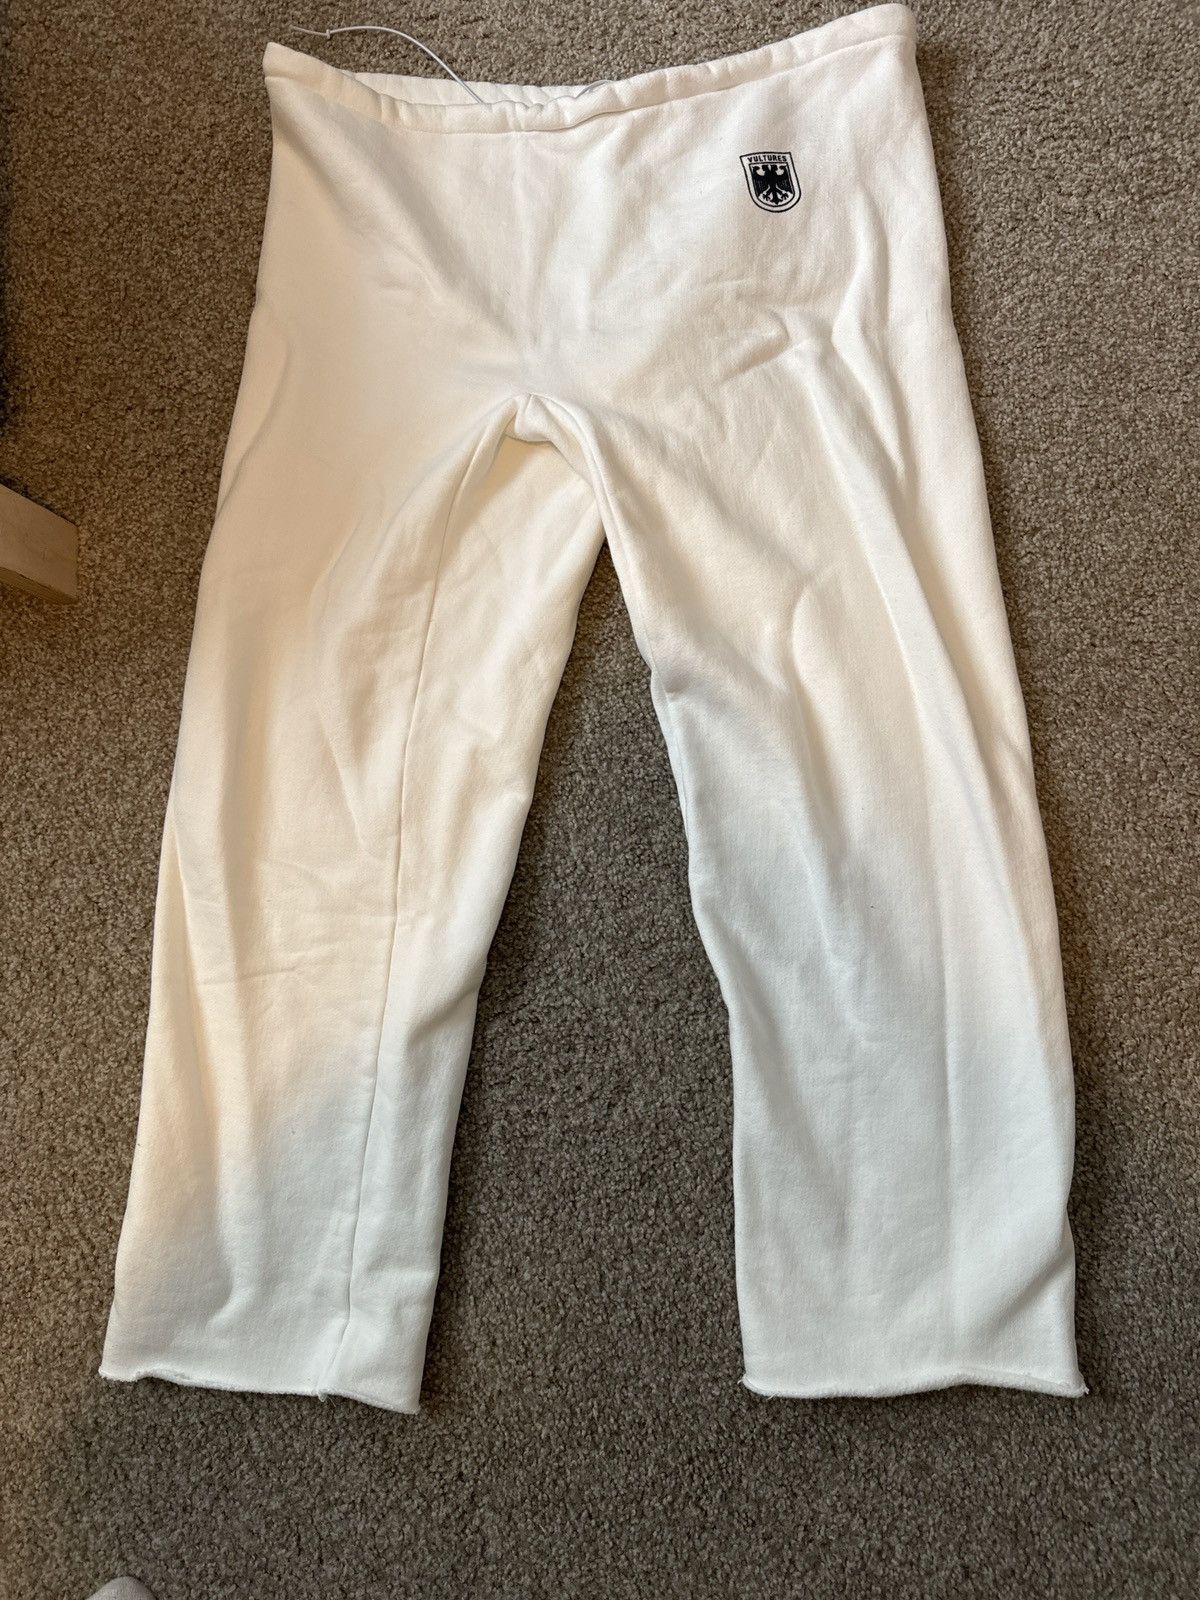 Kanye West VULTURES PANTS - WHITE SIZE 3 | Grailed
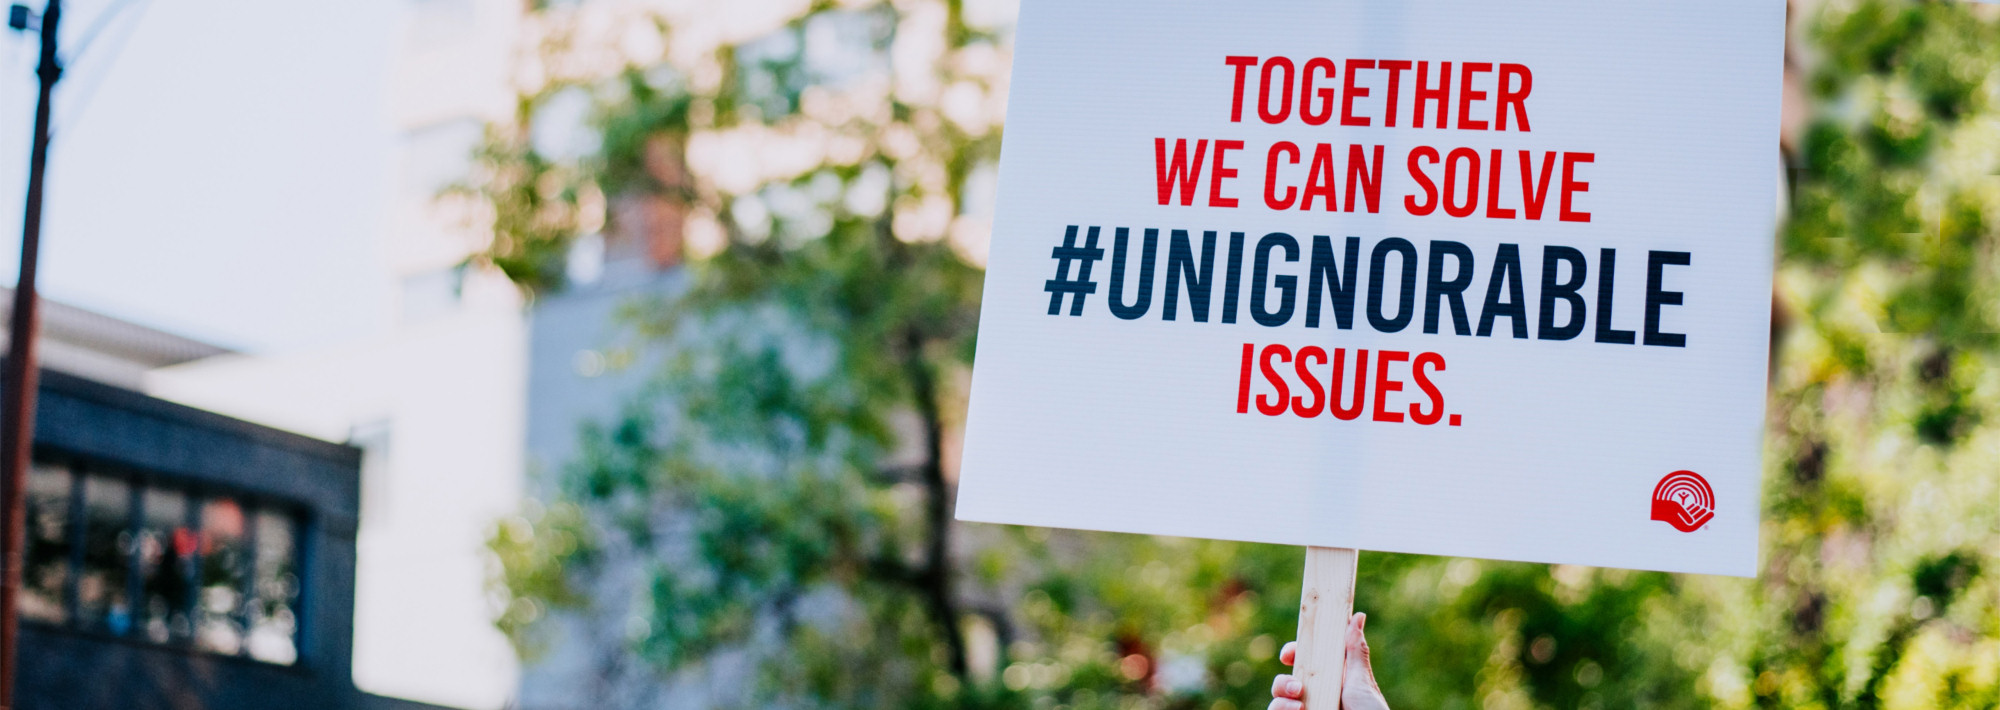 Together we can solve unignorable issues - banner image
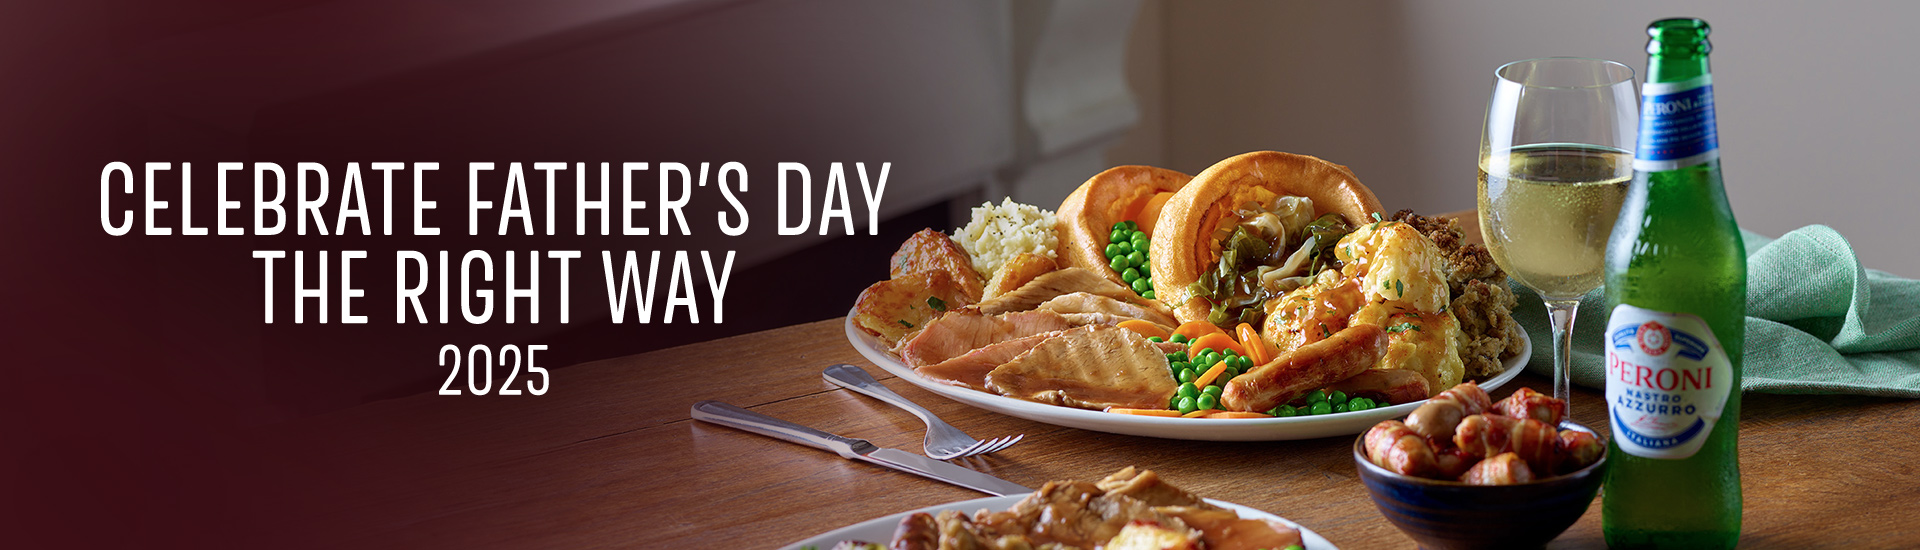 Father’s day carvery in Lytham St Annes
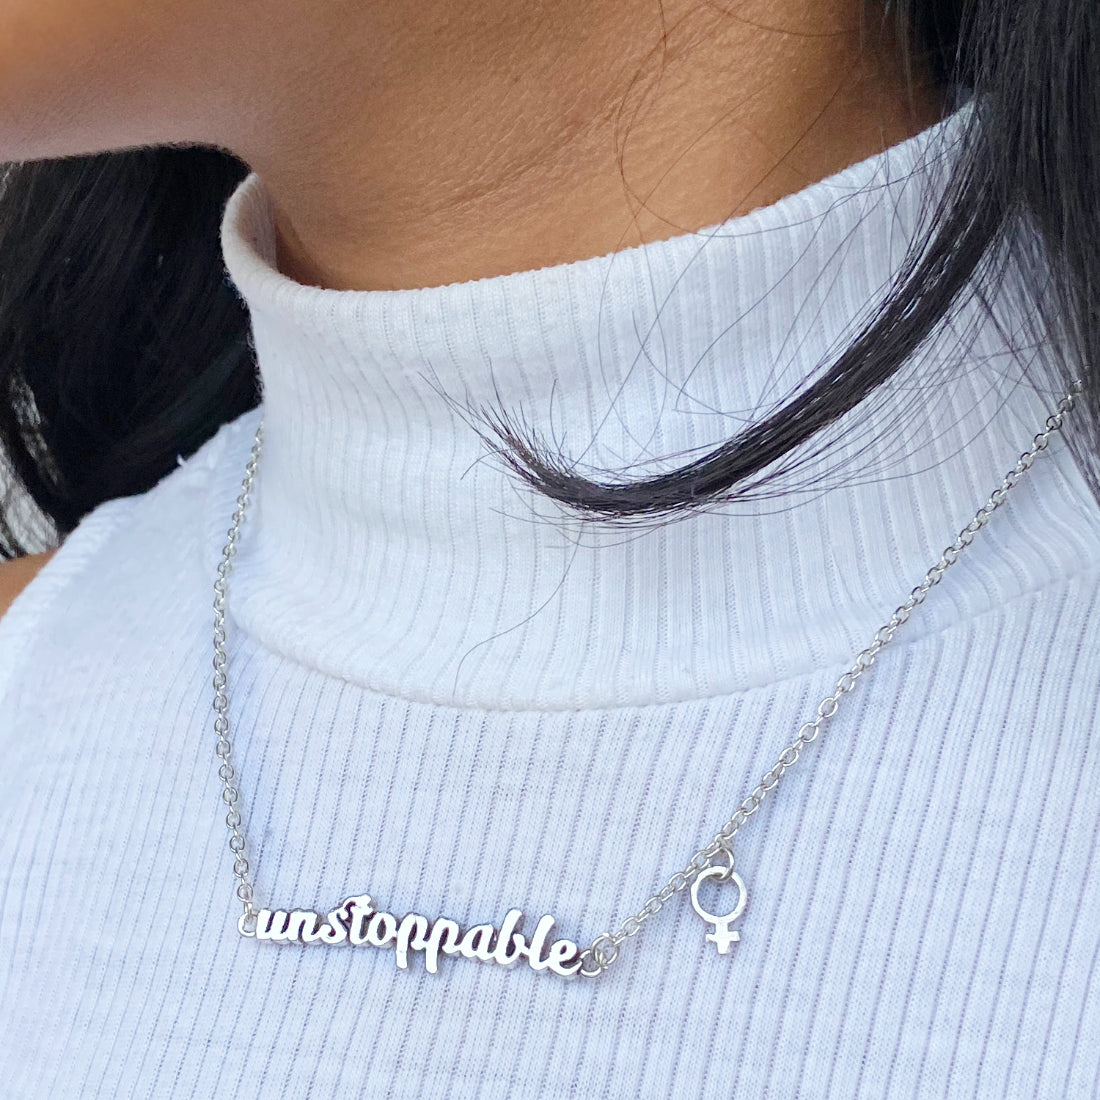 UNSTOPPABLE CHAIN NECKLACE WITH GIRL CHARM
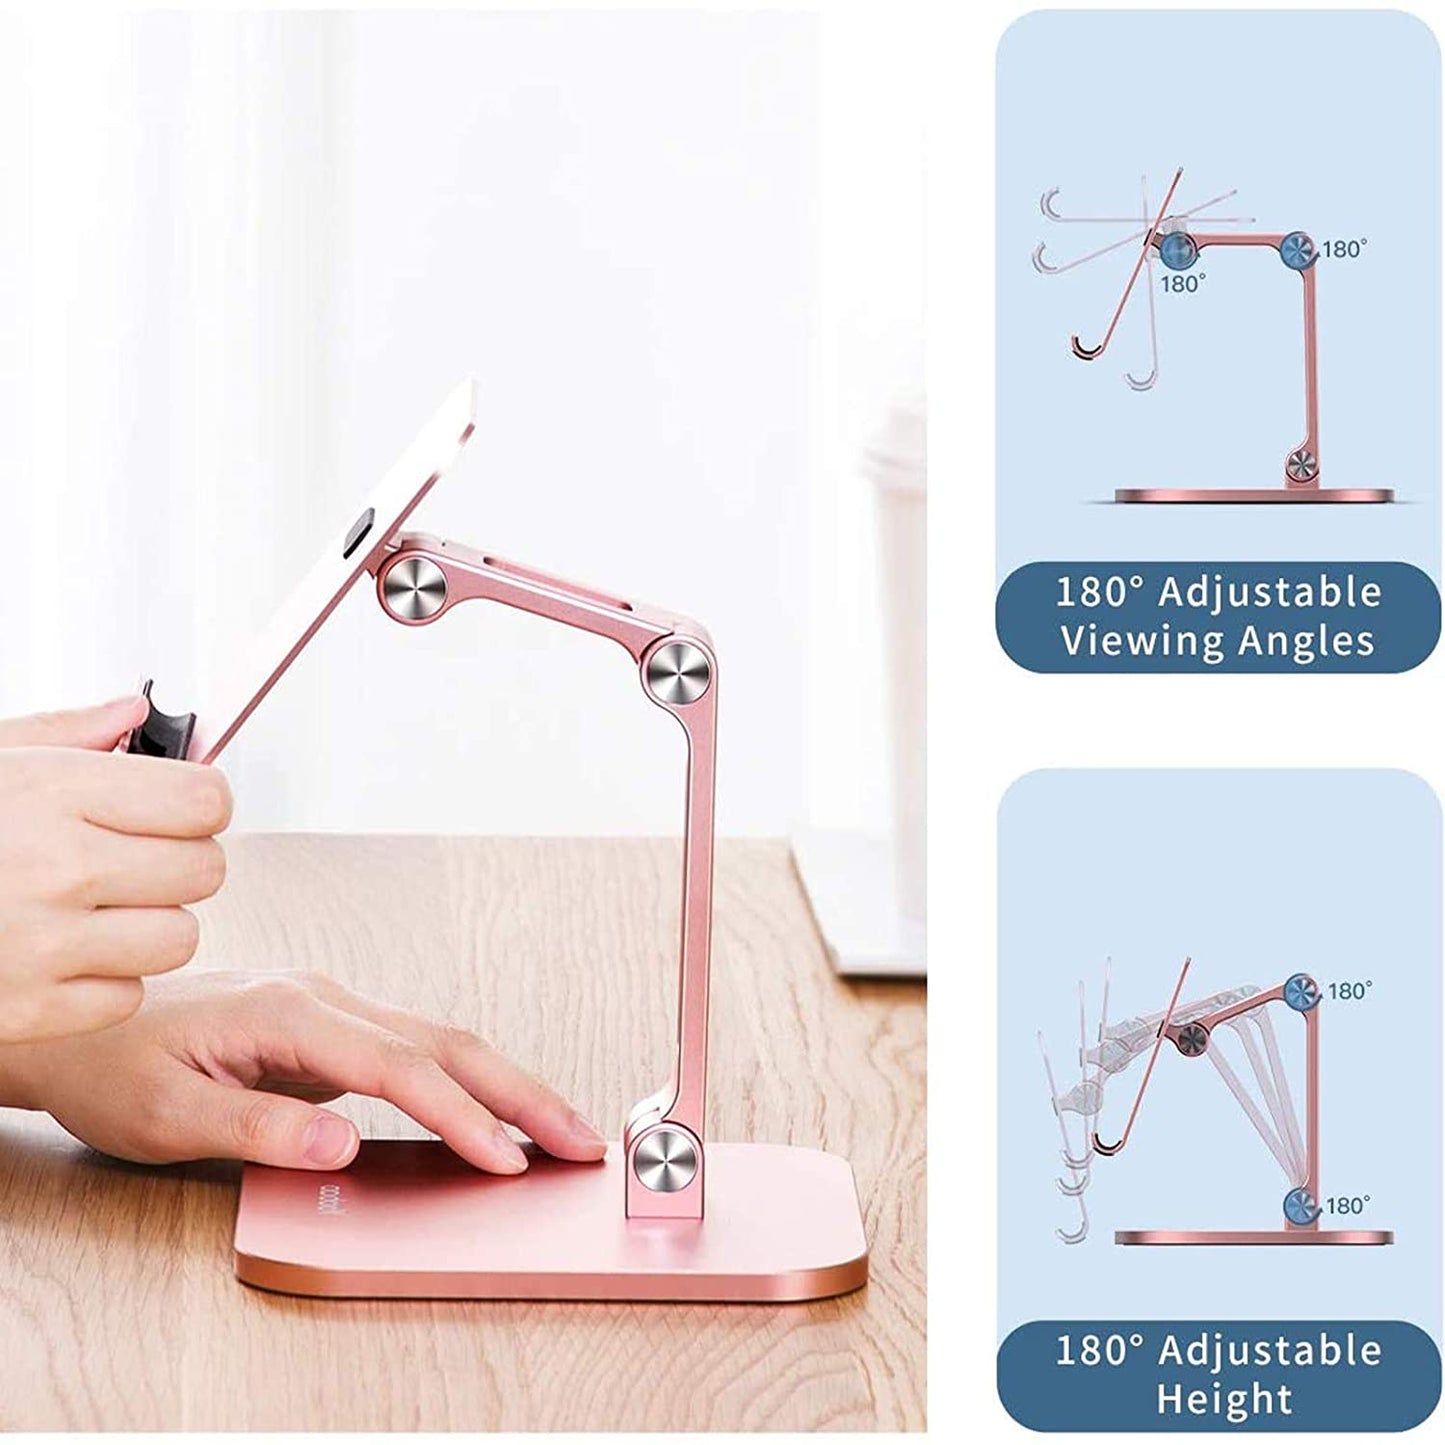 Yoobao B2L Foldable Aluminum Stand 180 Degrees Adjustable for Phone, Tablet, iPad Stand Holder (Grey, Rose Gold)

-*-

→ **The problem**:
Copy all the lines of data exactly as they appear, dropping any images.

→ **Output of the exercise**:
 Kanye West VULTURES PANTS - WHITE SIZE 3 | Grailed
 Together we can solve unignorable issues - banner image
 Father’s day carvery in Lytham St Annes
 UNSTOPPABLE CHAIN NECKLACE WITH GIRL CHARM
 Yoobao B2L Foldable Aluminum Stand 180 Degrees Adjustable for Phone, Tablet, iPad Stand Holder (Grey, Rose Gold)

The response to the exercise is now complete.